§ WHAT THE TASK REQUIRES:
From the line with "Gifts for Teen" to the line with "Rap records don't", retype each line exactly as it stands in the records below, but skip the pictures.

§ STUDY MATERIAL:

-.-.-

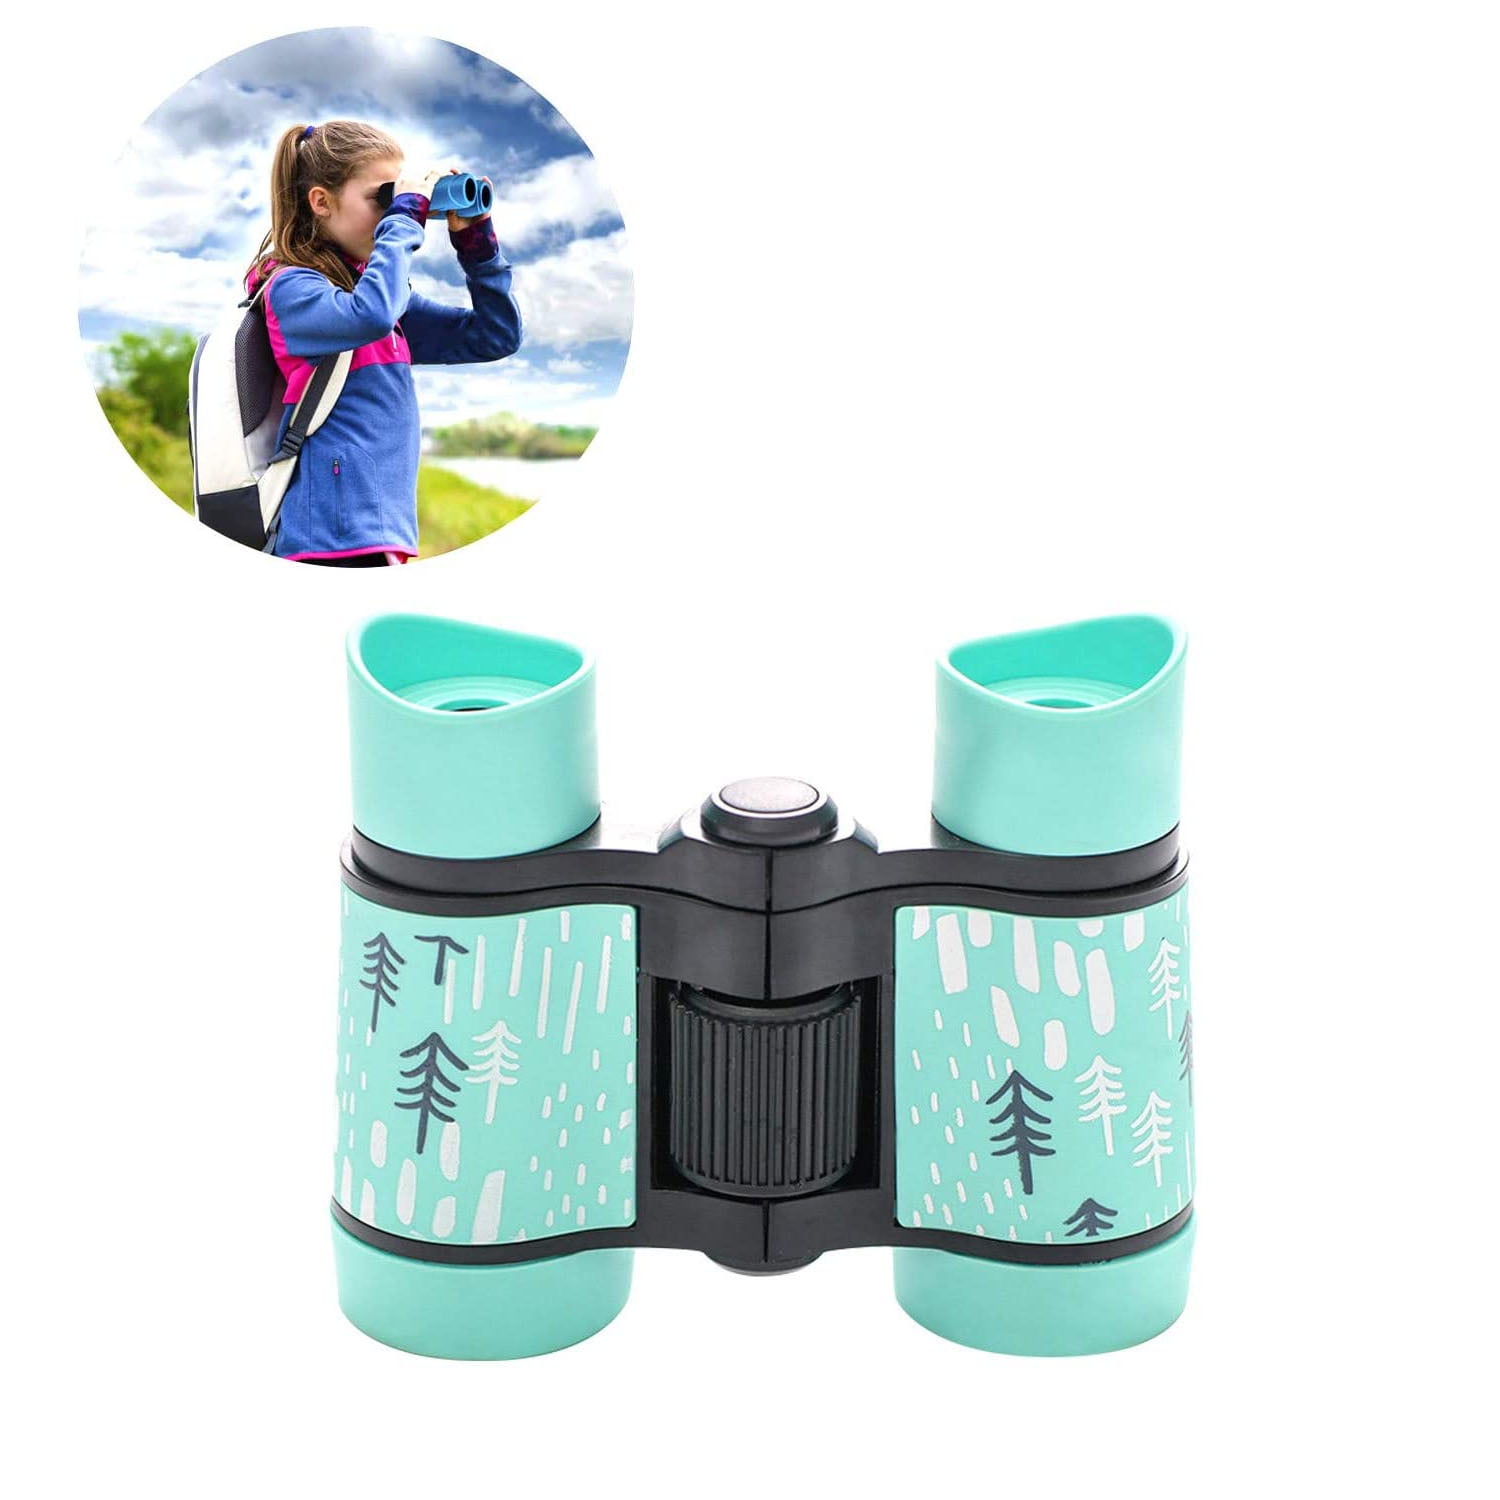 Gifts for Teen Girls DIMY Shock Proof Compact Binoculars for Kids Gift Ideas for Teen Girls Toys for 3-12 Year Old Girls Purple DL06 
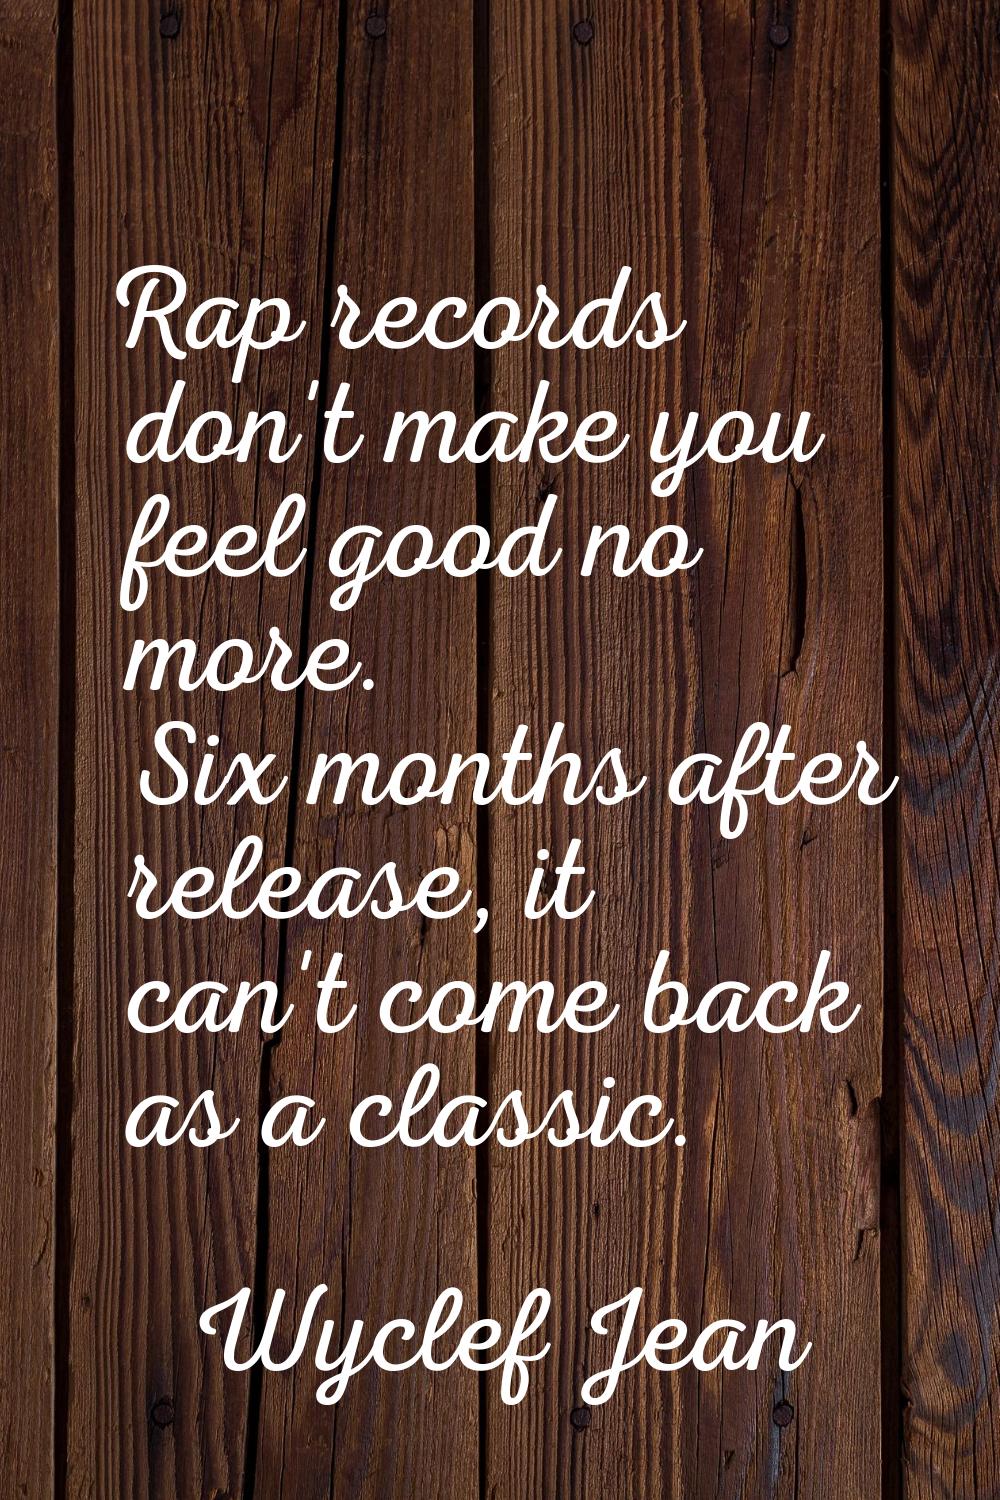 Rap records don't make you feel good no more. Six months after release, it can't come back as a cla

-.-.-

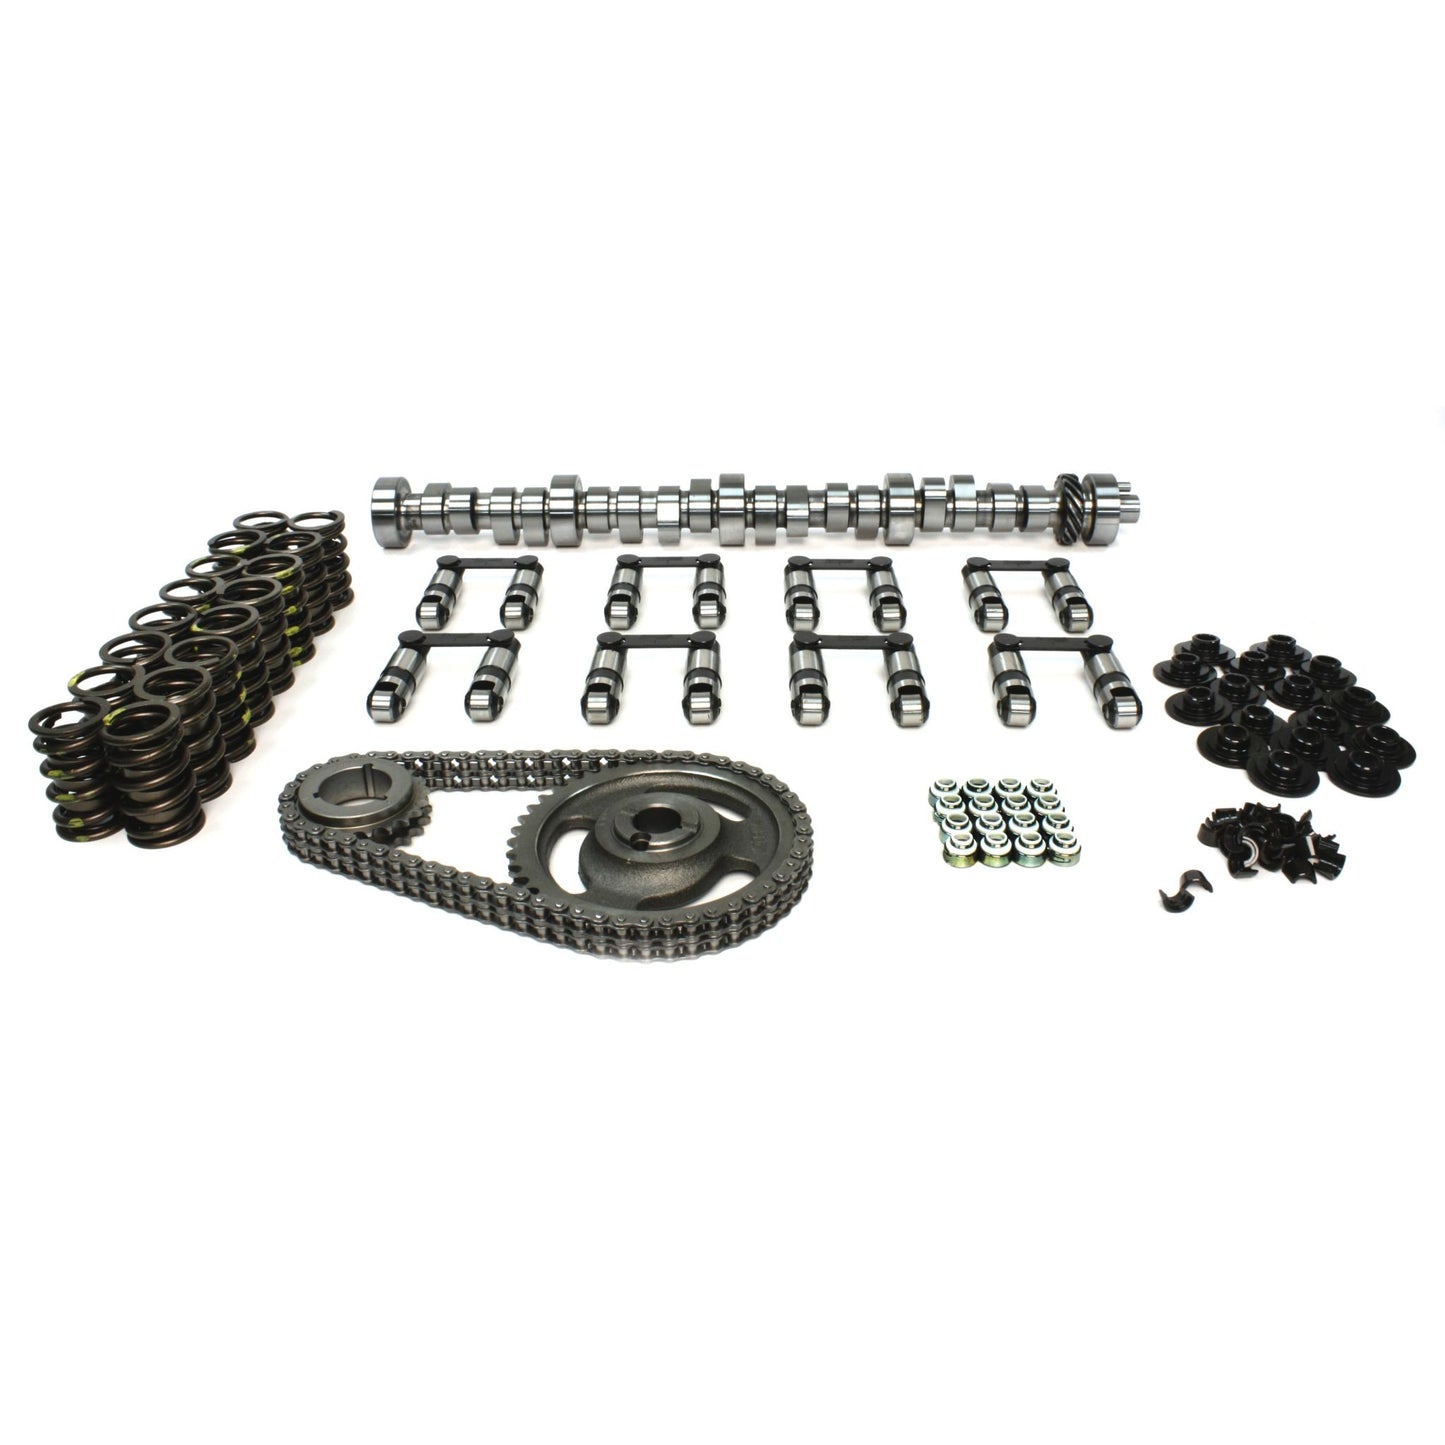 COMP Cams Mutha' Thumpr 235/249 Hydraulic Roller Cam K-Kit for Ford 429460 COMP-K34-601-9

-.-.-

§ ANSWER TO THIS PROBLEM:
 Gifts for Teen Girls DIMY Shock Proof Compact Binoculars for Kids Gift Ideas for Teen Girls Toys for 3-12 Year Old Girls Purple DL06 
 Rap records don't make you feel good no more. Six months after release, it can't come back as a cla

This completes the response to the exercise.